I tried; it is actually roughly 3.4 seconds. Note that reducing
logical_decoding_work_mem does not reduce the test time. It causes the
serialization to start early, and so increases the chance of
reproducing the problem. During restore of the serialized data, we
still use max_changes_in_memory. So max_changes_in_memory is the one
that allows us to reduce the number of transactions required, so we
can cut down on the outer loop iterations and make the test finish
much earlier.

But also note that, we can't use the test suite in
contrib/test_decoding, because max_changes_in_memory needs server
restart. So we need to shift this test to src/test/recovery. And
there, I guess it is not that critical for the testcase to be very
quick because the tests in general are much slower than the ones in
contrib/test_decoding, although it would be nice to make it fast. What
I propose is to modify  max_changes_in_memory, do a server restart
(which takes hardly a sec), run the testcase (3.5 sec) and then
restart after resetting the guc. So totally it will be around 4-5
seconds.


-- 
Thanks,
-Amit Khandekar
EnterpriseDB Corporation
The Postgres Database Company

Re: logical decoding : exceeded maxAllocatedDescs for .spill files

From

Amit Khandekar

Date:

12 December 2019, 06:22:47

On Thu, 12 Dec 2019 at 11:34, Amit Khandekar <amitdkhan.pg@gmail.com> wrote:

> So max_changes_in_memory is the one
> that allows us to reduce the number of transactions required, so we
> can cut down on the outer loop iterations and make the test finish
> much earlier.

>
> But also note that, we can't use the test suite in
> contrib/test_decoding, because max_changes_in_memory needs server
> restart.

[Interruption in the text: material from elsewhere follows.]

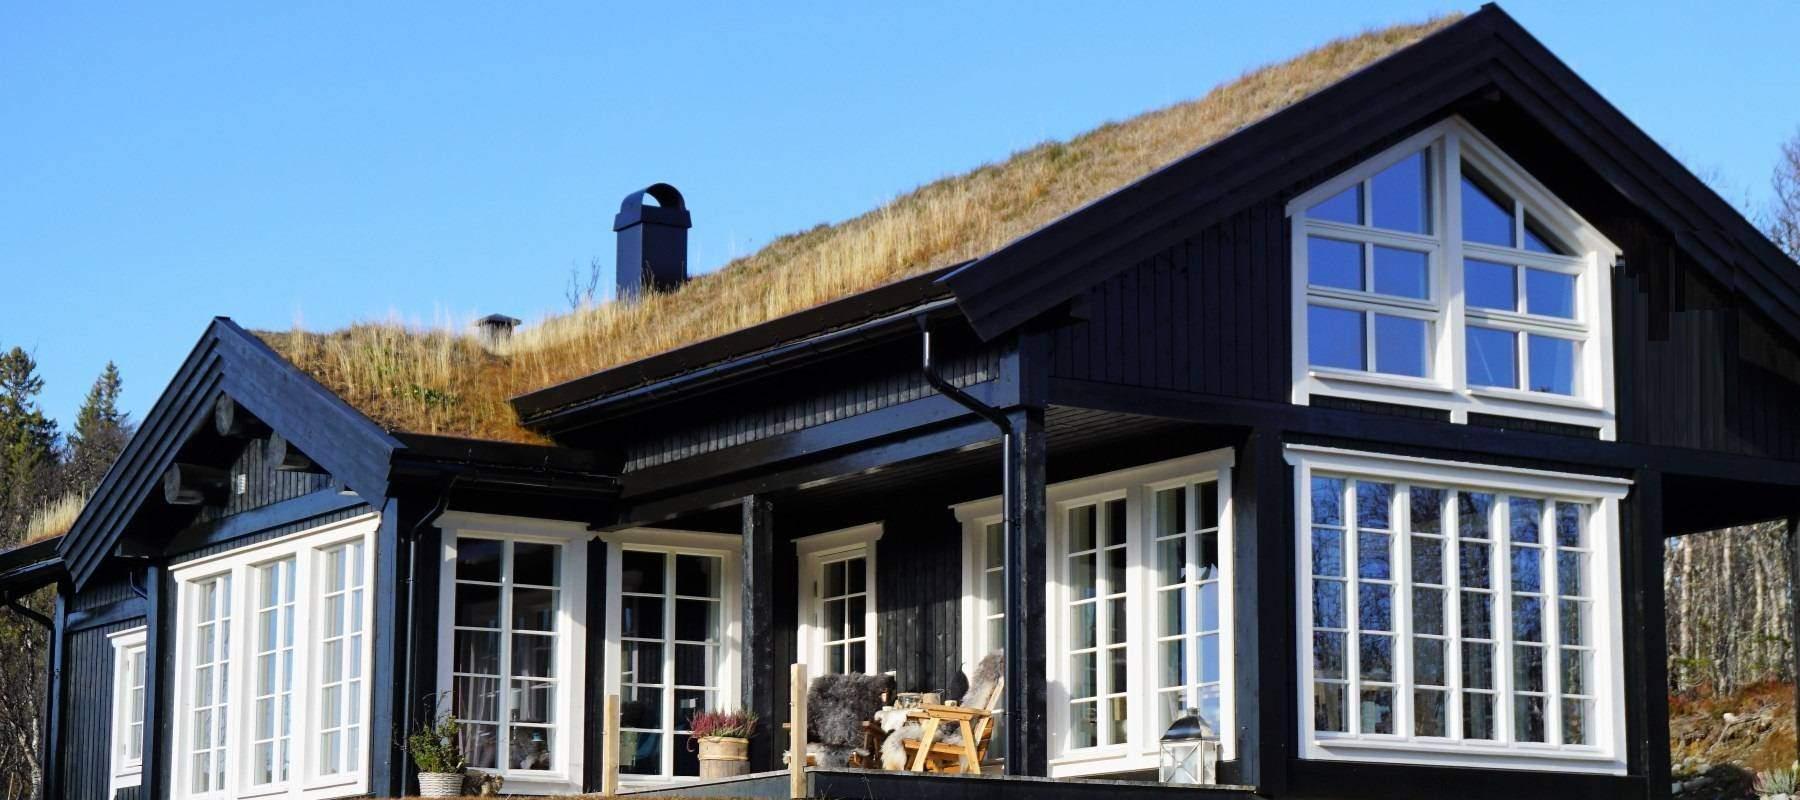 142 Hytte Bagn Stryn 97 186-100
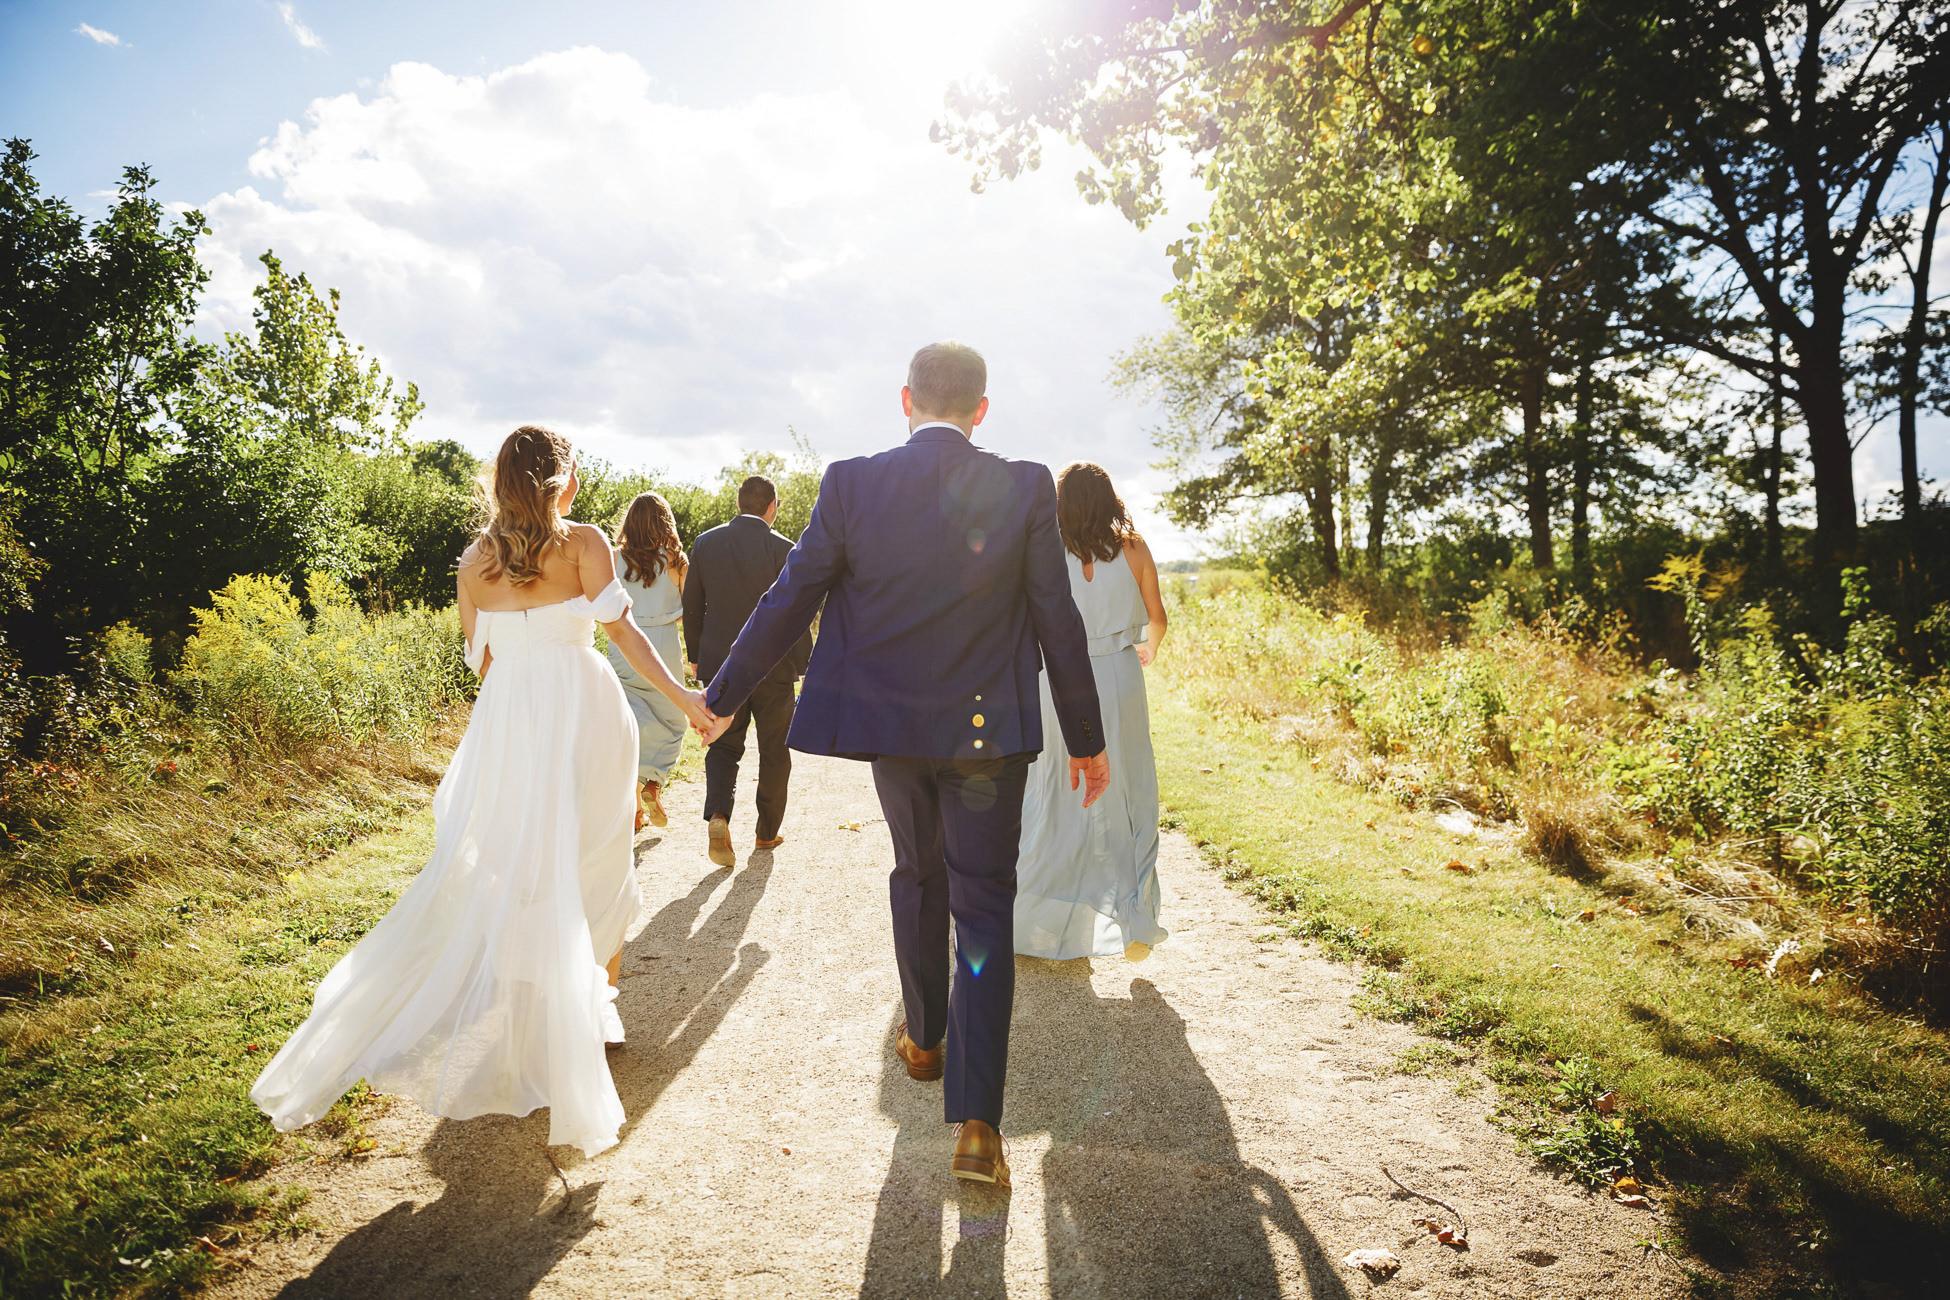 rachael_schirano_photography_wedding-25

So we need to shift this test to src/test/recovery. And
> there, I guess it is not that critical for the testcase to be very
> quick because the tests in general are much slower than the ones in
> contrib/test_decoding, although it would be nice to make it fast. What
> I propose is to modify  max_changes_in_memory, do a server restart
> (which takes hardly a sec), run the testcase (3.5 sec) and then
> restart after resetting the guc. So totally it will be around 4-5
> seconds.

Sorry I meant max_files_per_process. We need to reduce
max_files_per_process, so that it causes max_safe_fds to be reduced,
and so only a few transactions are sufficient to reproduce the
problem, because the reserveAllocatedDesc() will return false much
sooner due to low max_safe_fds.

-- 
Thanks,
-Amit Khandekar
EnterpriseDB Corporation
The Postgres Database Company

Re: logical decoding : exceeded maxAllocatedDescs for .spill files

From

Amit Kapila

Date:

12 December 2019, 08:48:43

On Thu, Dec 12, 2019 at 11:53 AM Amit Khandekar <amitdkhan.pg@gmail.com> wrote:
>
> On Thu, 12 Dec 2019 at 11:34, Amit Khandekar <amitdkhan.pg@gmail.com> wrote:
>
> > So max_changes_in_memory is the one
> > that allows us to reduce the number of transactions required, so we
> > can cut down on the outer loop iterations and make the test finish
> > much earlier.
>
> >
> > But also note that, we can't use the test suite in
> > contrib/test_decoding, because max_changes_in_memory needs server
> > restart. So we need to shift this test to src/test/recovery. And
> > there, I guess it is not that critical for the testcase to be very
> > quick because the tests in general are much slower than the ones in
> > contrib/test_decoding, although it would be nice to make it fast. What
> > I propose is to modify  max_changes_in_memory, do a server restart
> > (which takes hardly a sec), run the testcase (3.5 sec) and then
> > restart after resetting the guc. So totally it will be around 4-5
> > seconds.
>
> Sorry I meant max_files_per_process.
>

Okay, what time other individual tests take in that directory on your
machine?  How about providing a separate test patch for this case so
that I can also test it?  I think we can take the opinion of others as
well if they are fine with adding this test, otherwise, we can go
ahead with the main patch.

-- 
With Regards,
Amit Kapila.
EnterpriseDB: http://www.enterprisedb.com

Re: logical decoding : exceeded maxAllocatedDescs for .spill files

From

Amit Khandekar

Date:

12 December 2019, 16:20:12

On Thu, 12 Dec 2019 at 14:18, Amit Kapila <amit.kapila16@gmail.com> wrote:
>
> On Thu, Dec 12, 2019 at 11:53 AM Amit Khandekar <amitdkhan.pg@gmail.com> wrote:
> >
> > On Thu, 12 Dec 2019 at 11:34, Amit Khandekar <amitdkhan.pg@gmail.com> wrote:
> >
> > > So max_changes_in_memory is the one
> > > that allows us to reduce the number of transactions required, so we
> > > can cut down on the outer loop iterations and make the test finish
> > > much earlier.
> >
> > >
> > > But also note that, we can't use the test suite in
> > > contrib/test_decoding, because max_changes_in_memory needs server
> > > restart. So we need to shift this test to src/test/recovery. And
> > > there, I guess it is not that critical for the testcase to be very
> > > quick because the tests in general are much slower than the ones in
> > > contrib/test_decoding, although it would be nice to make it fast. What
> > > I propose is to modify  max_changes_in_memory, do a server restart
> > > (which takes hardly a sec), run the testcase (3.5 sec) and then
> > > restart after resetting the guc. So totally it will be around 4-5
> > > seconds.
> >
> > Sorry I meant max_files_per_process.
> >
>
> Okay, what time other individual tests take in that directory on your
> machine?
For src/test/recovery directory, on average, a test takes about 4-5 seconds.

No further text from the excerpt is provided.